* **SUPPLIED MATERIAL**
-*-

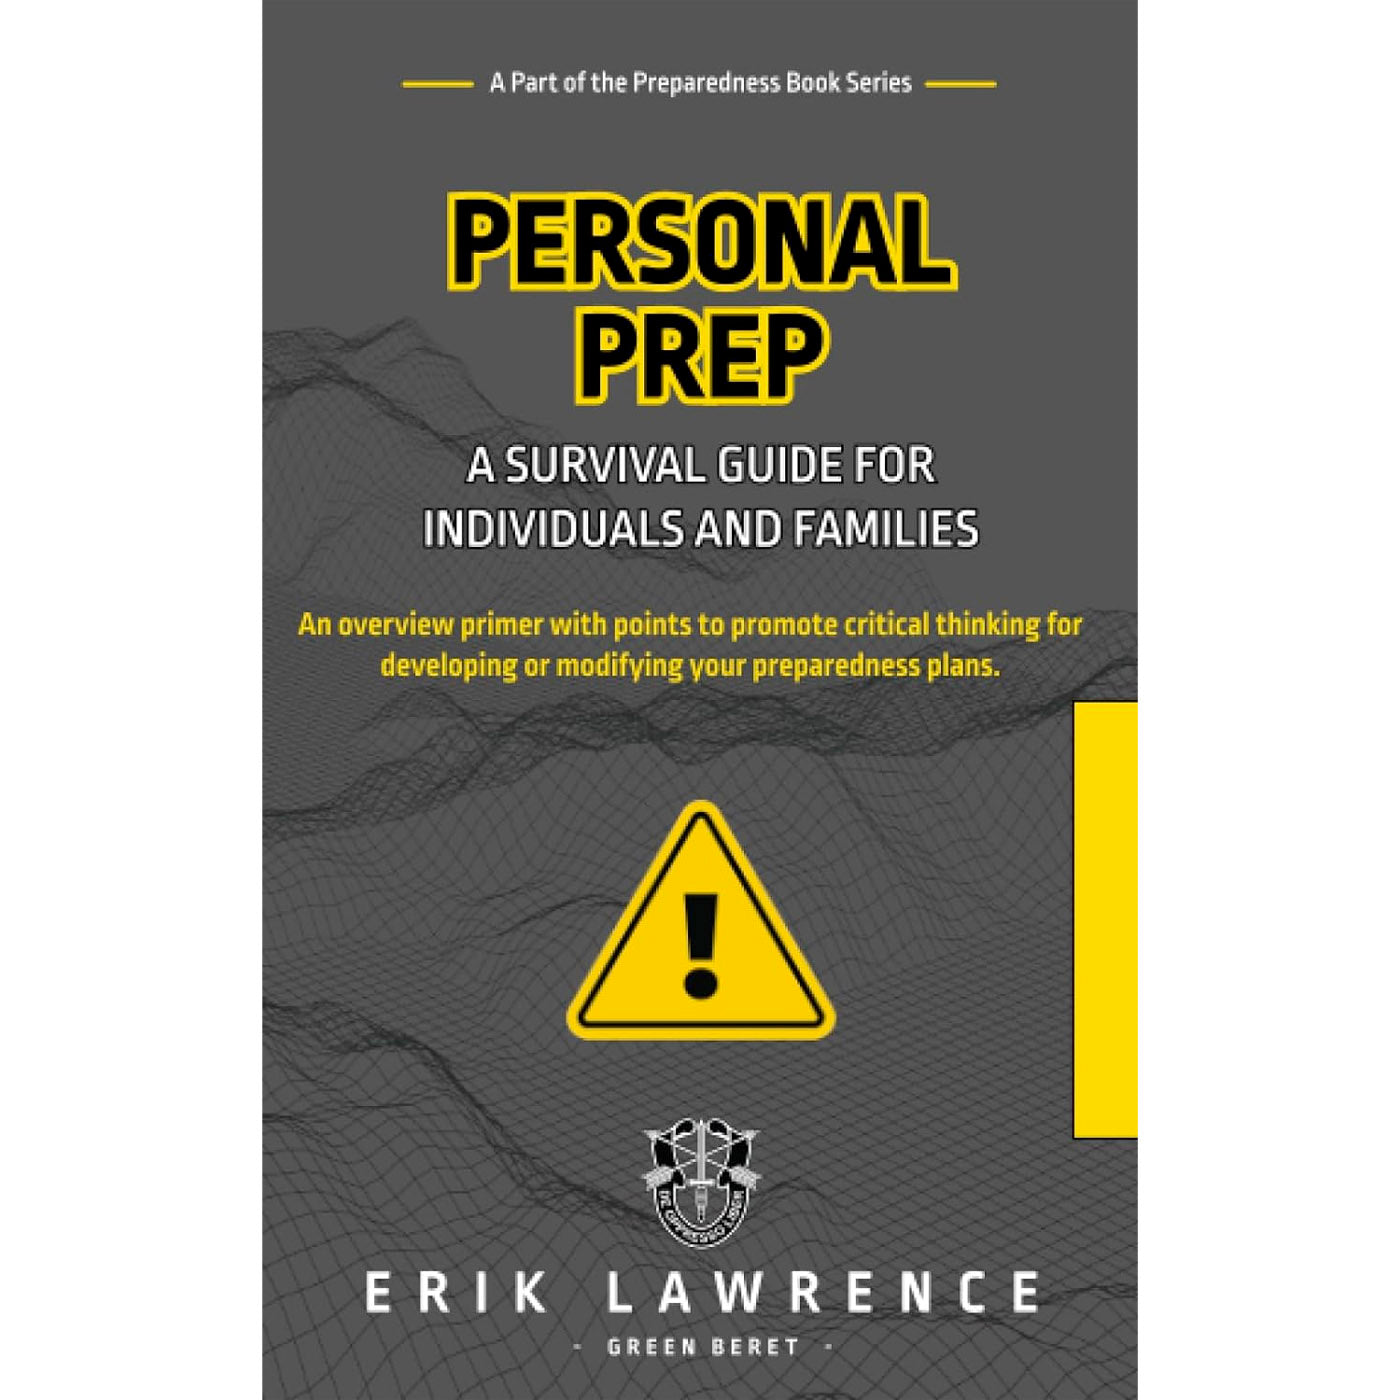 Personal Prep: A Survival Guide for Individuals and Families
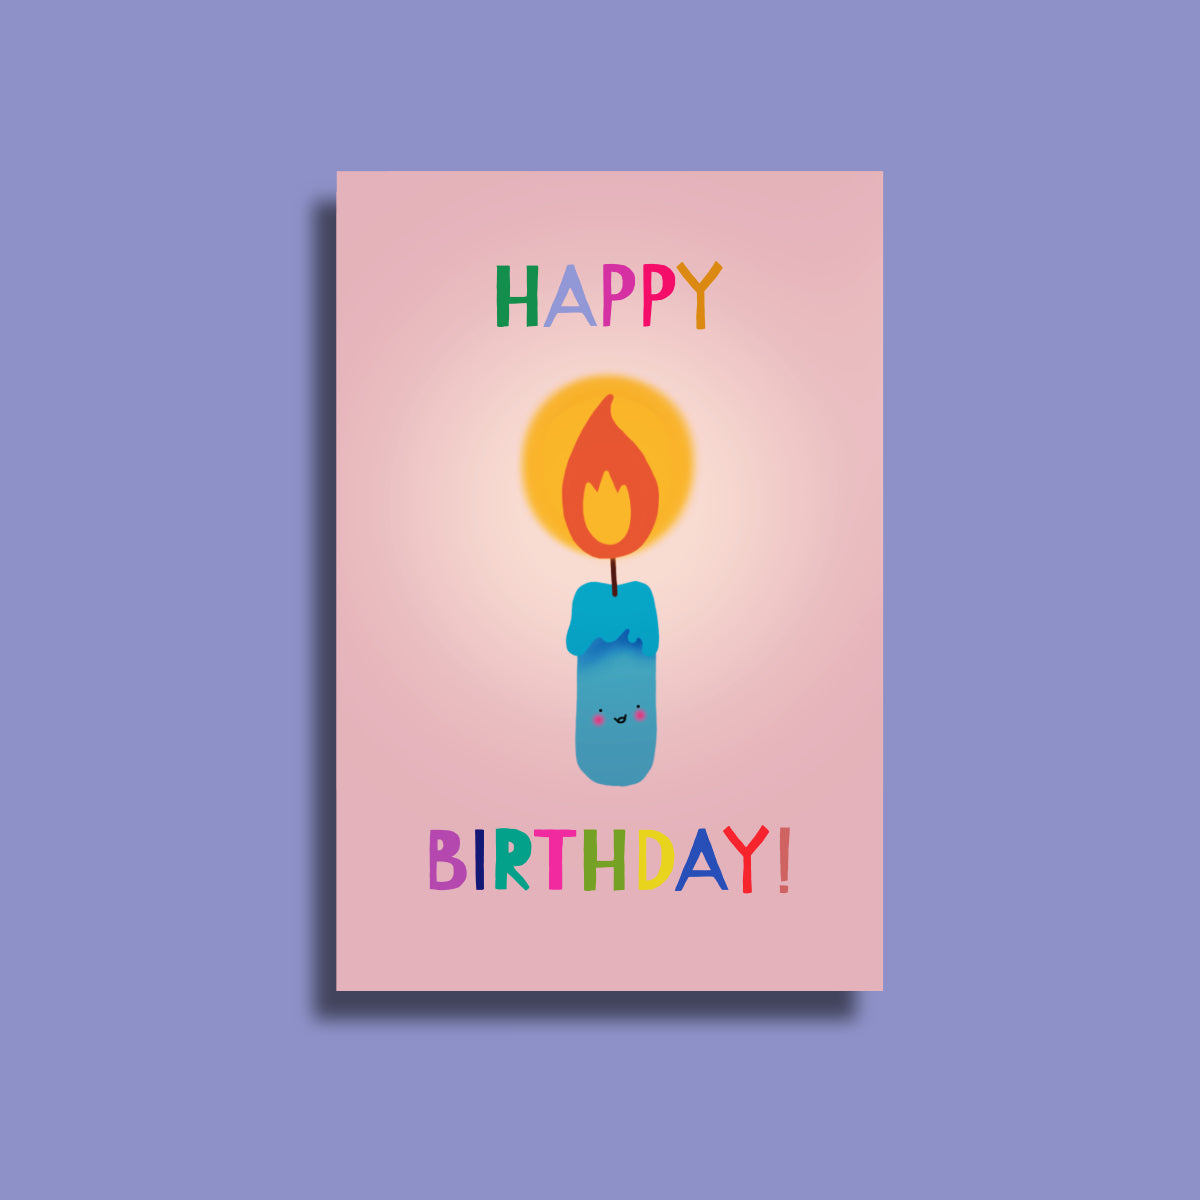 Bright candle postcard
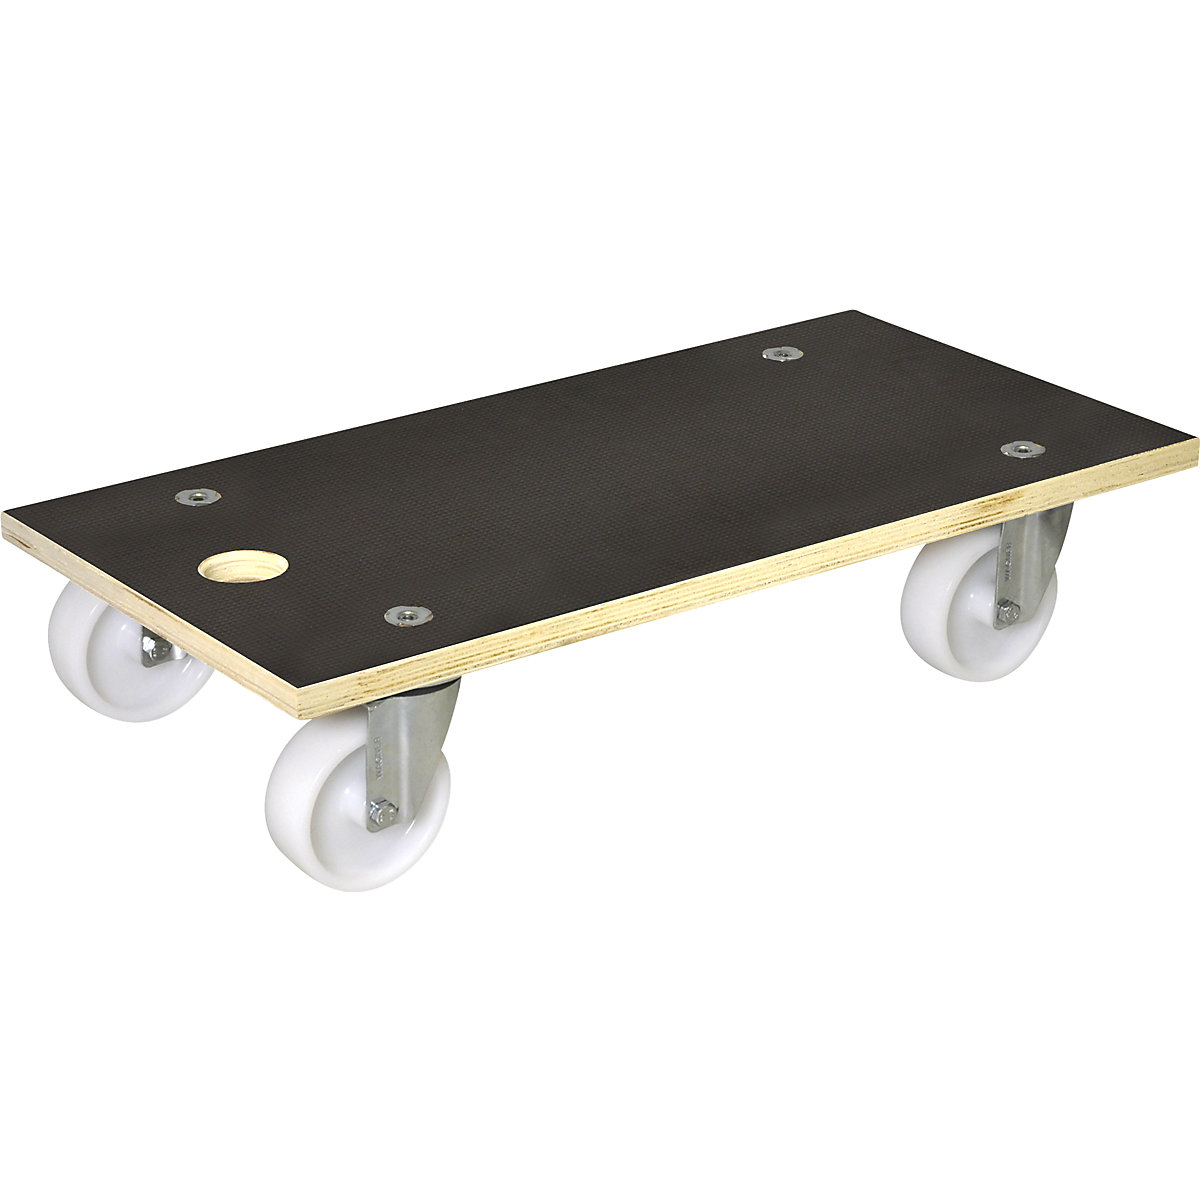 Transport dolly – Wagner, max. load 250 kg, pack of 2, LxW 575 x 300 mm, 5+ packs-7
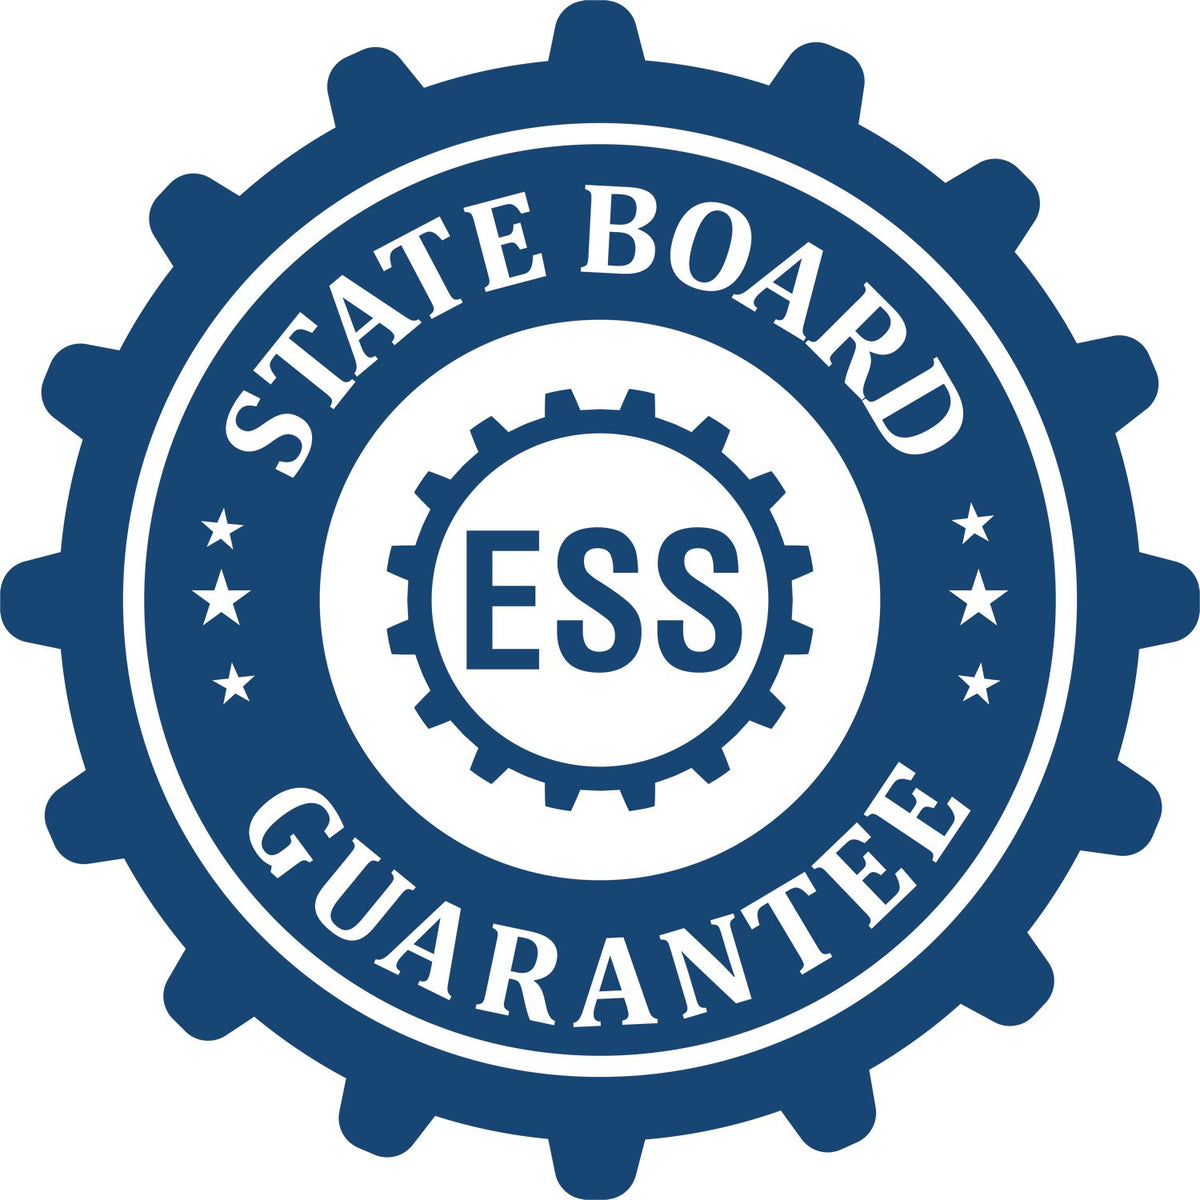 An emblem in a gear shape illustrating a state board guarantee for the Utah Desk Architect Embossing Seal product.

-*-

Except for the pictures, the whole listing above should be transcribed exactly.

 Personal Prep: A Survival Guide for Individuals and Families
 Bright candle postcard
 Transport dolly – Wagner, max. load 250 kg, pack of 2, LxW 575 x 300 mm, 5+ packs-7
 An emblem in a gear shape illustrating a state board guarantee for the Utah Desk Architect Embossing Seal product.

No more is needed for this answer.